239 Views Asked by At

I am trying to use TF-agents in a simple multi-agent non-cooperative parallel game. To simplify, I have two agents, defined with TF-agents. I defined a custom gym environment that takes as input the combined actions of agents and return an observation. The agents' policies should not take the full observation as input, only part of it. So I need to do two things:

  • Split the time_step instance returned by the TF-agents environment wrapper to feed to the agents' policies independently
  • Merge the action_step instances coming from the agents' policies to feed the environment.

If agent1_policy and agent2_policy are the two TF-agents policies and environment is a TF-agents environment, I would like to be able to do that to collect steps:

from tf_agents.trajectories import trajectory

time_step = environment.current_time_step()
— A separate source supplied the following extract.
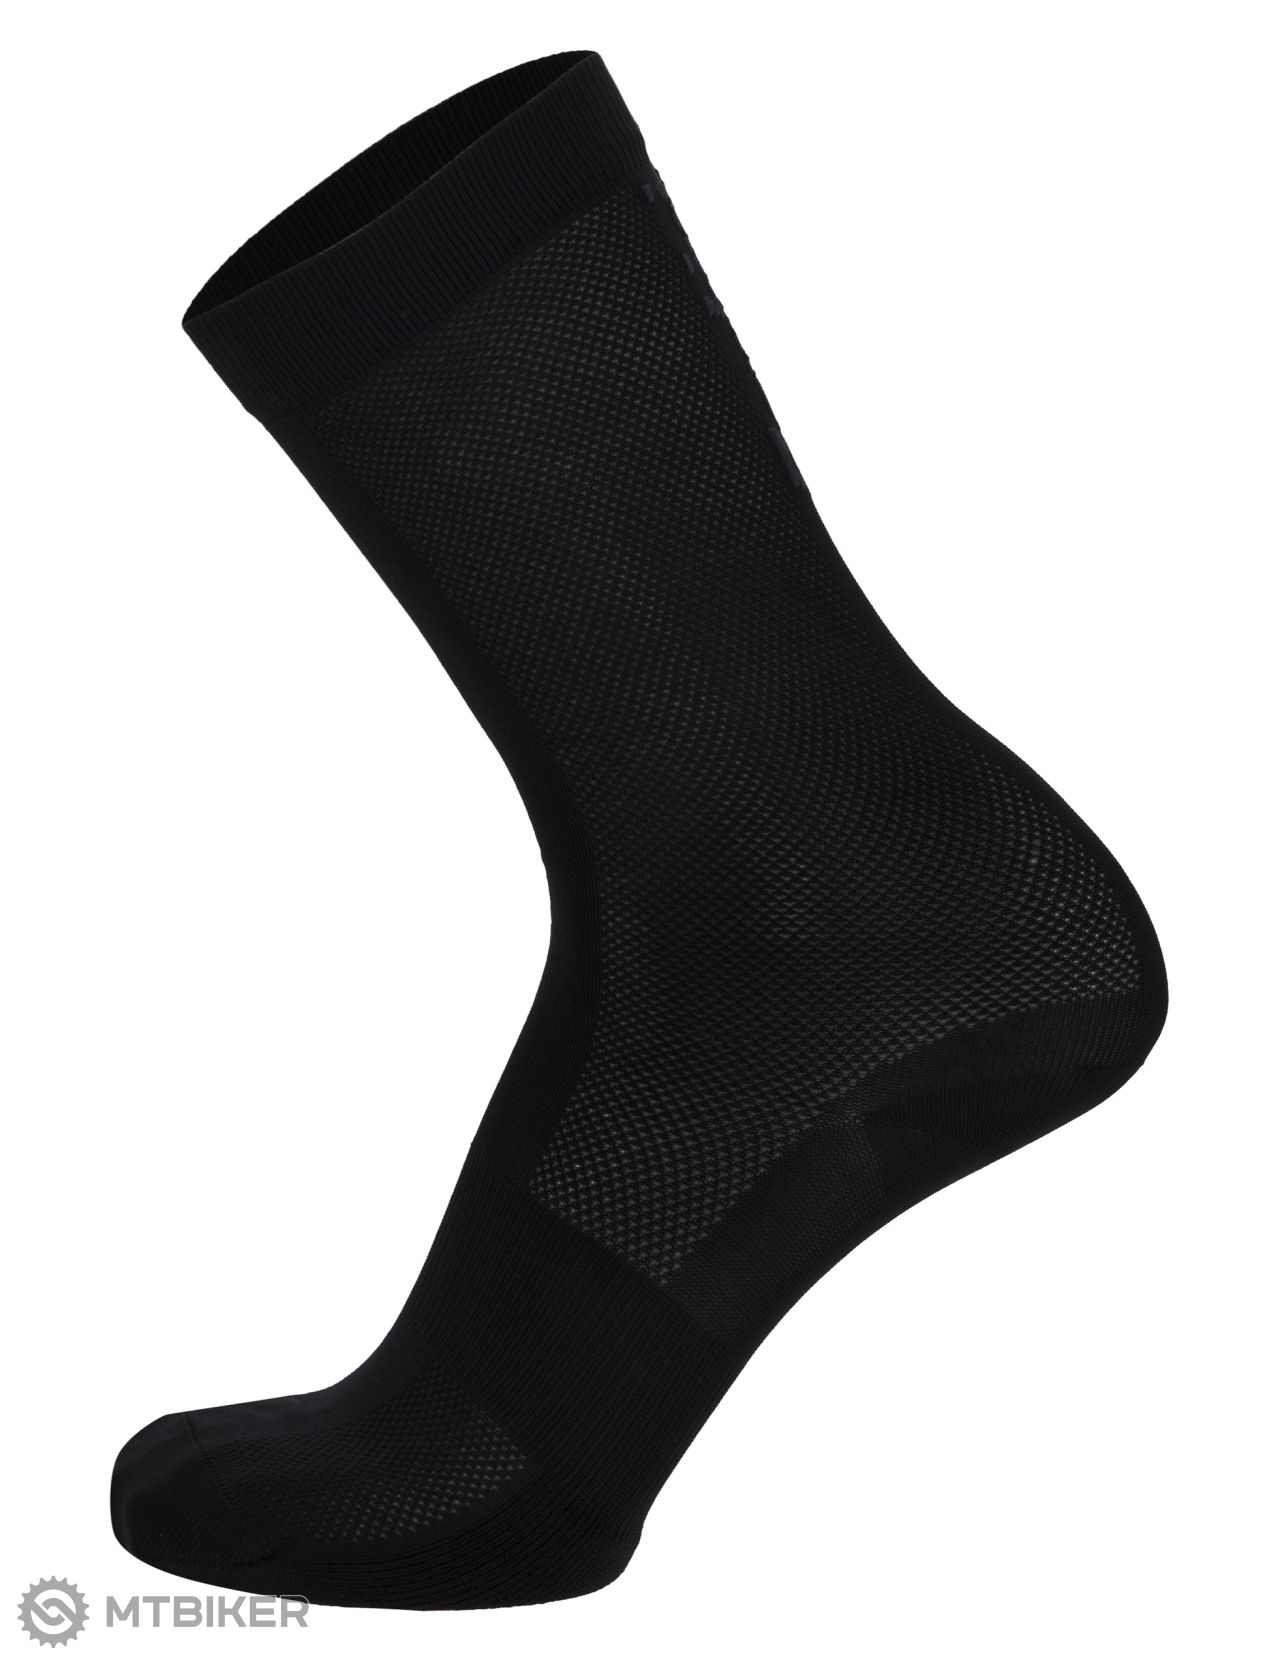 Santini Puro socks, black - MTBIKER.shop

# Split the time_step to have partial observability
time_step1, time_step2 = split(time_step)

# Get action from each agent
action_step1 = agent1_policy.action(time_step1)
action_step2 = agent2_policy.action(time_step2)

# Merge the independent actions
action_merged = merge(action_step1, action_step2)

# Use the merged actions to have the next step
next_time_step = environment.step(action_merged)

# Split the next step too
next_time_step1, next_time_step2 = split(next_time_step)

# Build two distinct trajectories
traj1 = trajectory.from_transition(time_step1, action_step1, next_time_step1)
traj2 = trajectory.from_transition(time_step2, action_step2, next_time_step2)

traj1 and traj2 are then added to buffers that are used to train the two agents.

How should I define the functions merge and split in this example?

1

There are 1 best solutions below

0
samarth.robo On

This can be done by defining the proper action_spec and observation_spec in the environment class. See this documentation for an example of producing an observation that is a dictionary of tensors. A similar approach can be used for accepting an action that is a dictionary or a tuple.